Вдруг один из духов отделился и, проследовав мимо Галили, стал спускаться по лестнице; Рэйчел узнала эту женщину, лишь когда та одолела уже половину ступенек. Это была Марджи, вернее, смутная копия женщины, некогда носившей это имя. Черты ее лица были лишены завершенности, хотя, пожалуй, в меньшей степени, чем у остальных призраков, - но ее лукаво приподнятую бровь и хитрую усмешку на устах нельзя было не узнать.

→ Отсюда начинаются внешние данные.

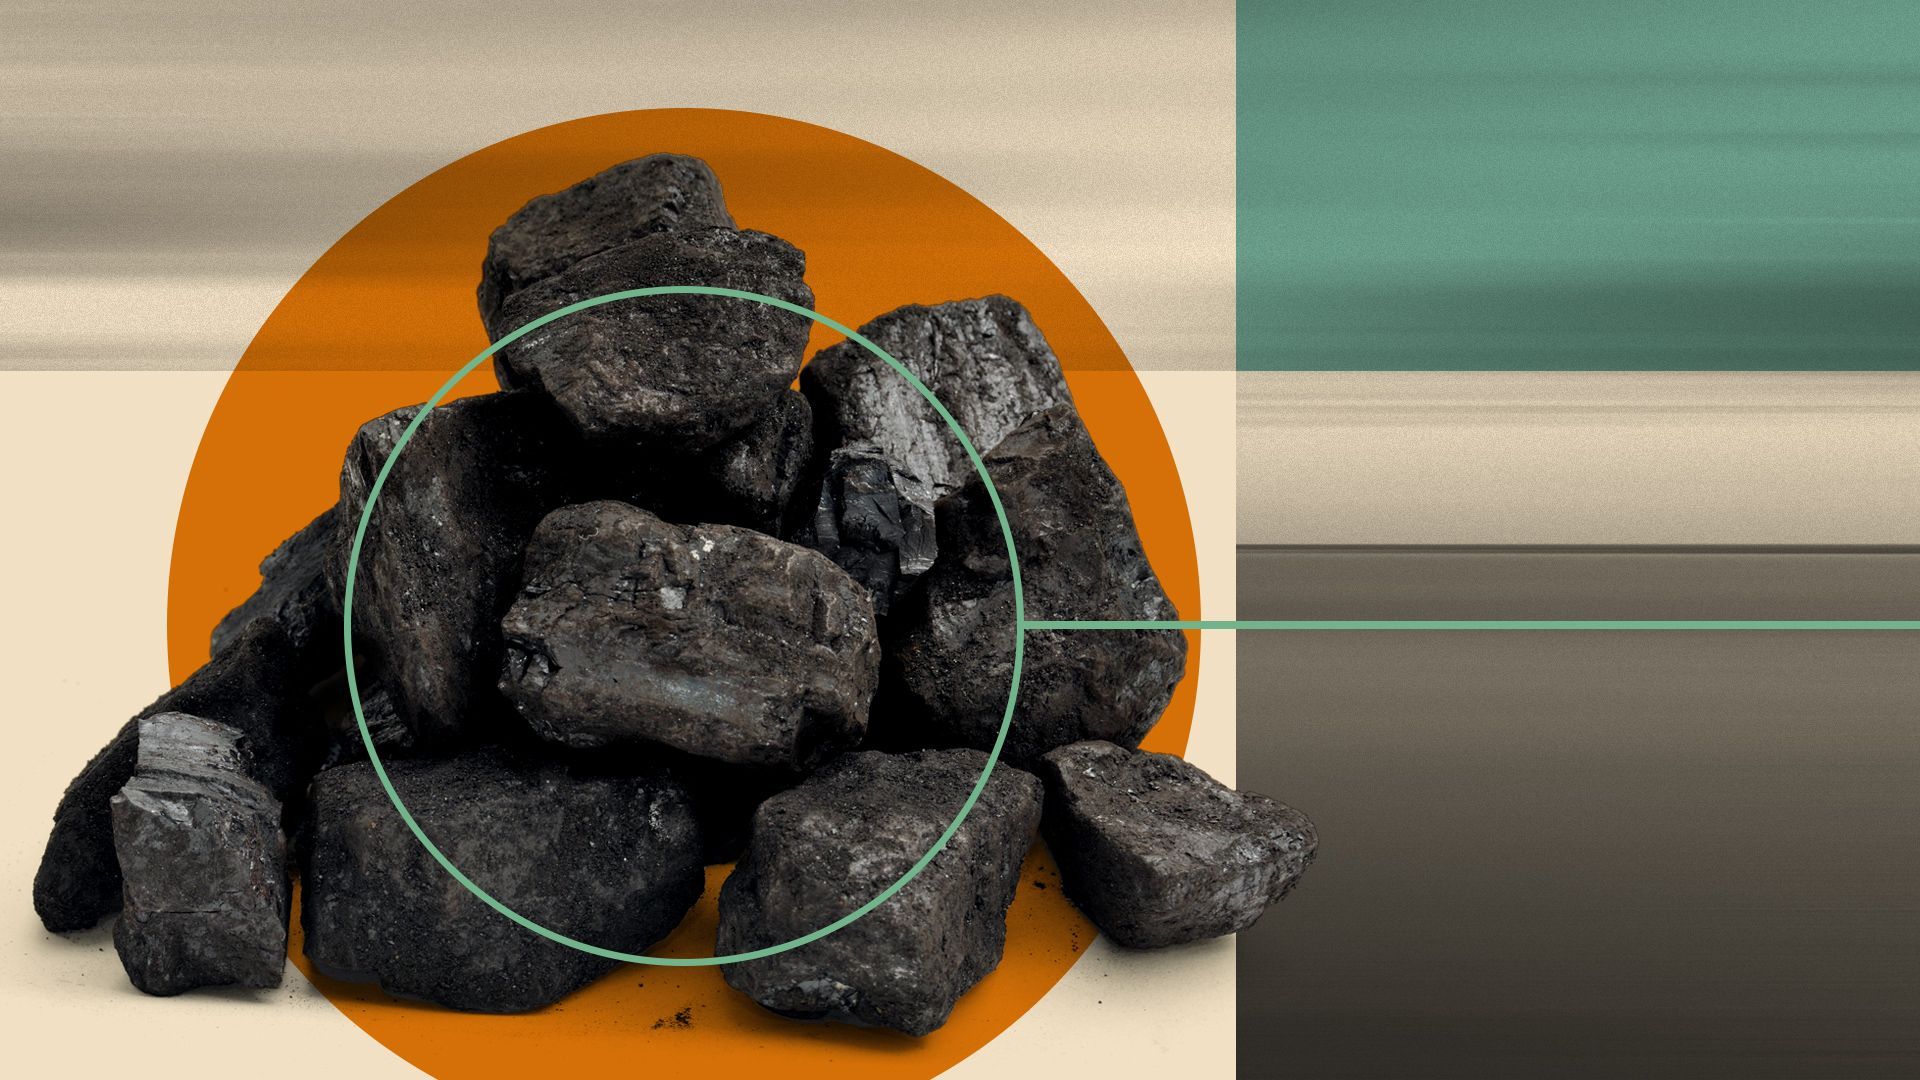 Illustration of a mound of coal overlaid on a horizon with abstract shapes.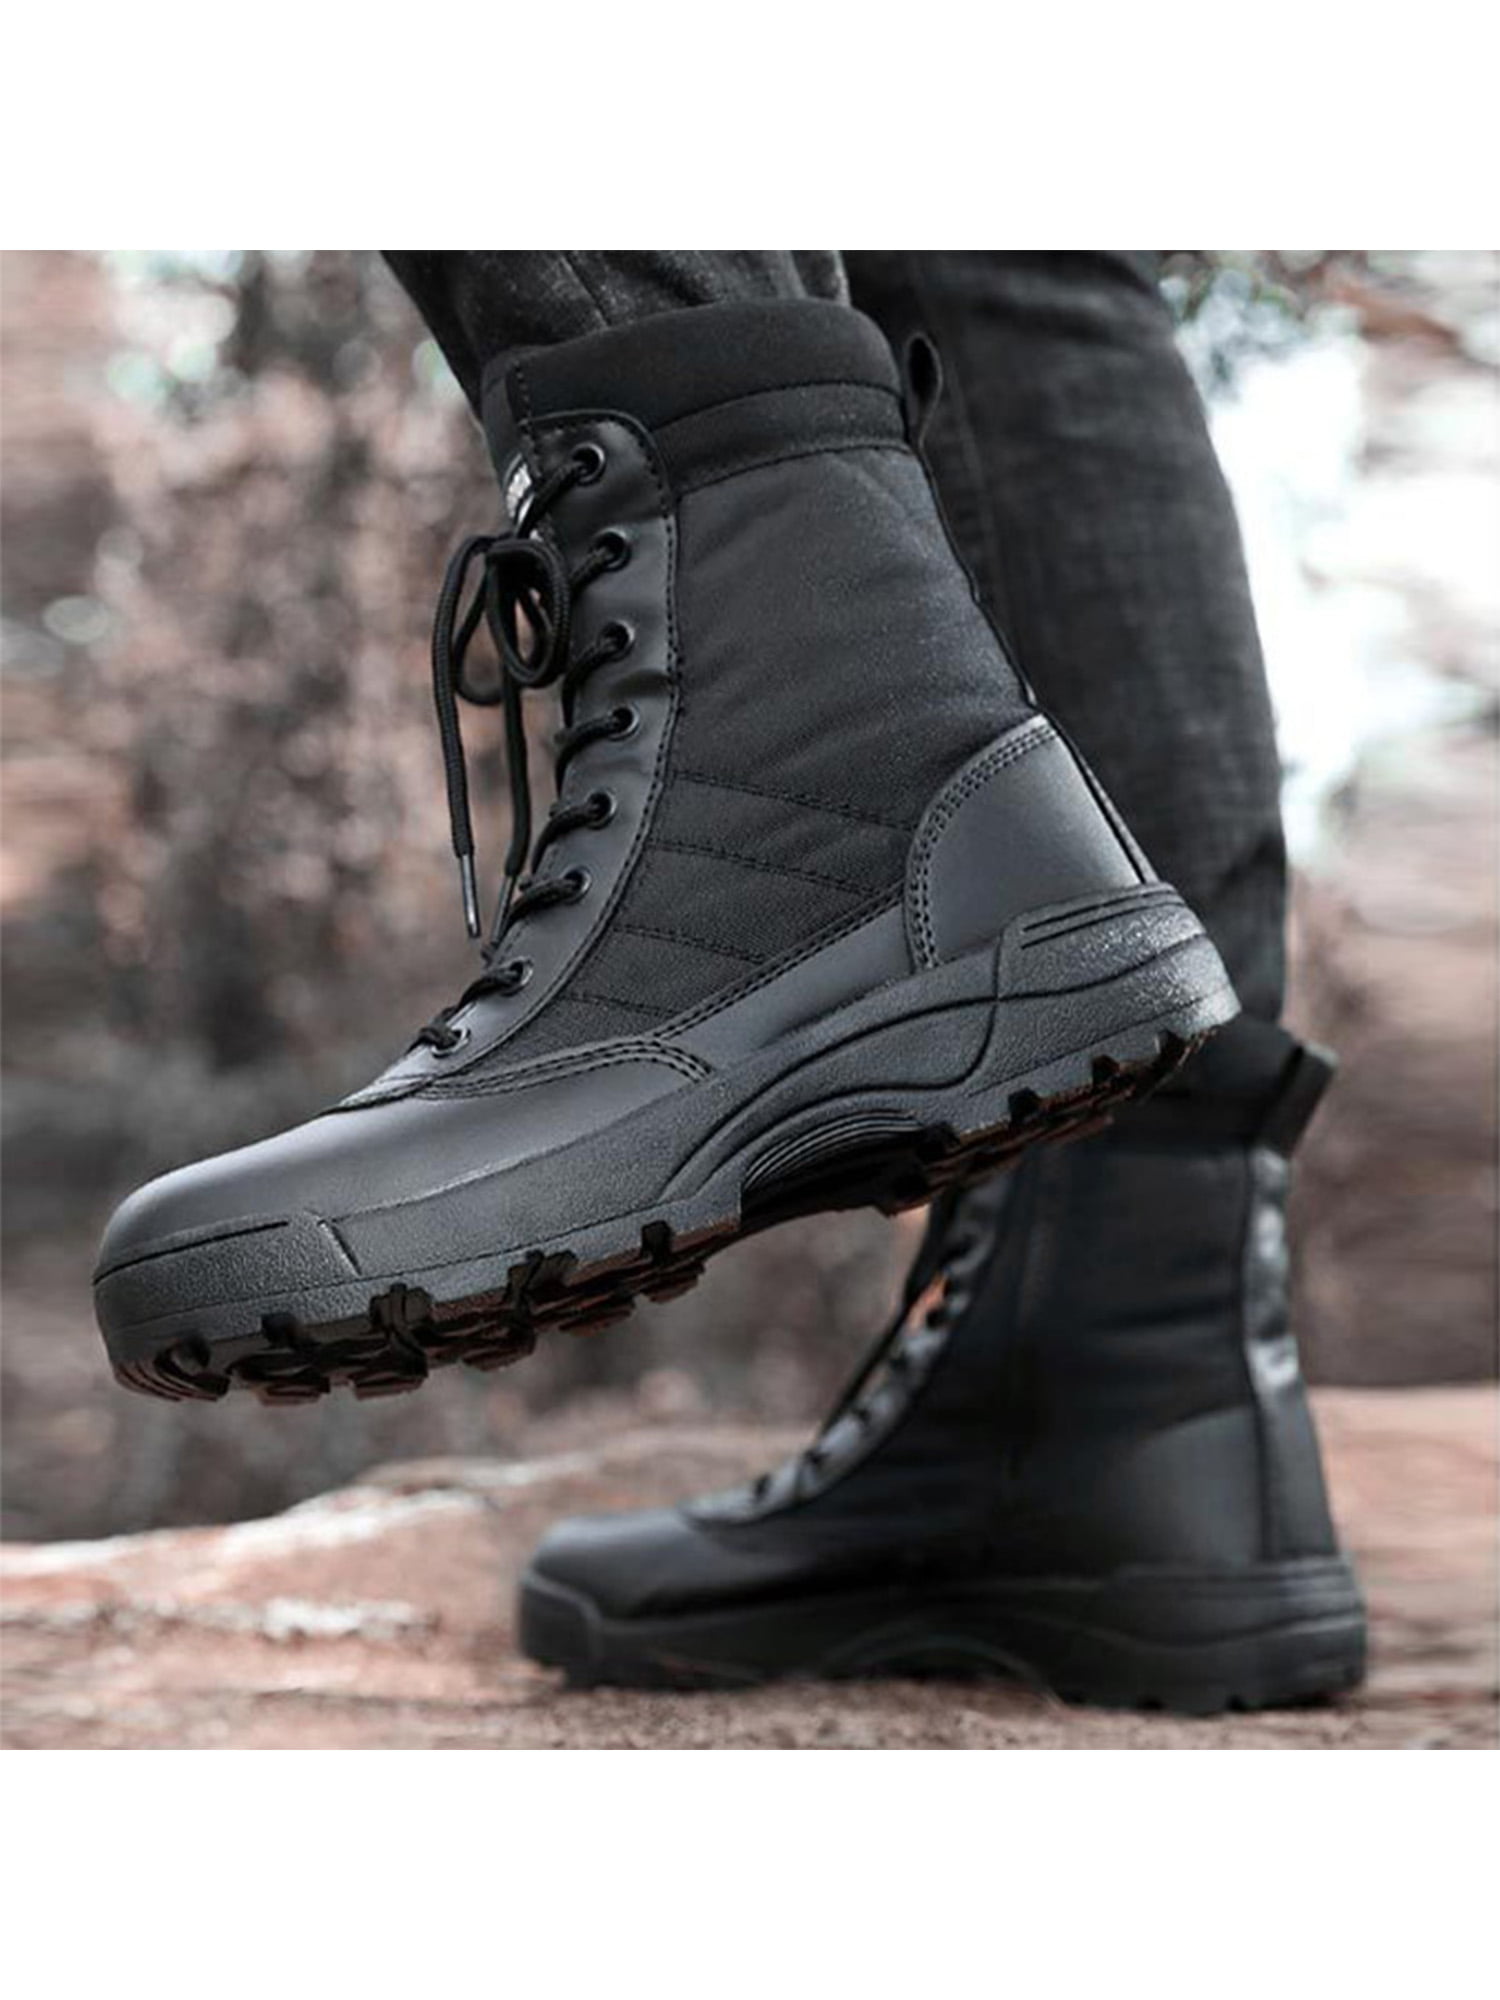 GIRLS SCHOOL BOOTS BIKER ARMY MILITARY FASHION CHELSEA FORMAL WINTER BLACK SHOES

Вернее, это была даже не усмешка, Марджи откровенно смеялась, хотя и не так громко и раскатисто, как хохотала в свои лучшие времена. Конечно, это была Марджи, кого еще мог так позабавить лежавший на полу и уткнувшийся лицом в лужу собственной крови труп Митчелла Гири? Кто еще мог взирать с лестницы на поверженного принца, содрогаясь от смеха?
Часть девятая
Путь человечества
Глава I
1
- Я дурной человек, - сказал Галили. - На моей совести много ужасных дел. Очень много... очень страшных дел. И все-таки этого я не хотел. Поверь мне, пожалуйста.
Они сидели на берегу, он разводил собранный из плавника костер, такой же, как тот, что выманил Рэйчел из дома своим ароматом. Его озаренное пламенем костра лицо было так же исключительно красиво, как и лицо Цезарии. Красоты этой, удивительно обнажавшей его душу, было в таком избытке, что на него трудно было смотреть. Самообладание изменило ему лишь дважды. В первый раз, когда он, спустившись с лестницы и переступая через труп Митчелла, угодил босой ногой в лужу крови, а во второй - когда они нашли на веранде мертвого Ниолопуа. Горе охватило Галили с такой силой, что он разрыдался как ребенок, его плач было невыносимо слышать.
Скорбь Галили сделала Рэйчел сильной. Взяв любимого за руку, она вывела его на лужайку и направилась обратно в дом за бутылкой виски и сигаретами. Призраки женщин, которых она ожидала увидеть, вероятно, уже ушли по своим делам, чему она была весьма рада. Не желая знать, какая участь ждет ее мертвого мужа, Рэйчел старалась не думать о том, что дух, покинувший тело Митчелла, которое всегда служило ему предметом гордости, пребывает ныне в растерянности в преддверии ада.
Когда она вернулась к Галили, то уже знала, что ему скажет. Взяв его за руку, Рэйчел предложила спуститься на берег и развести там огонь, чтобы согреться.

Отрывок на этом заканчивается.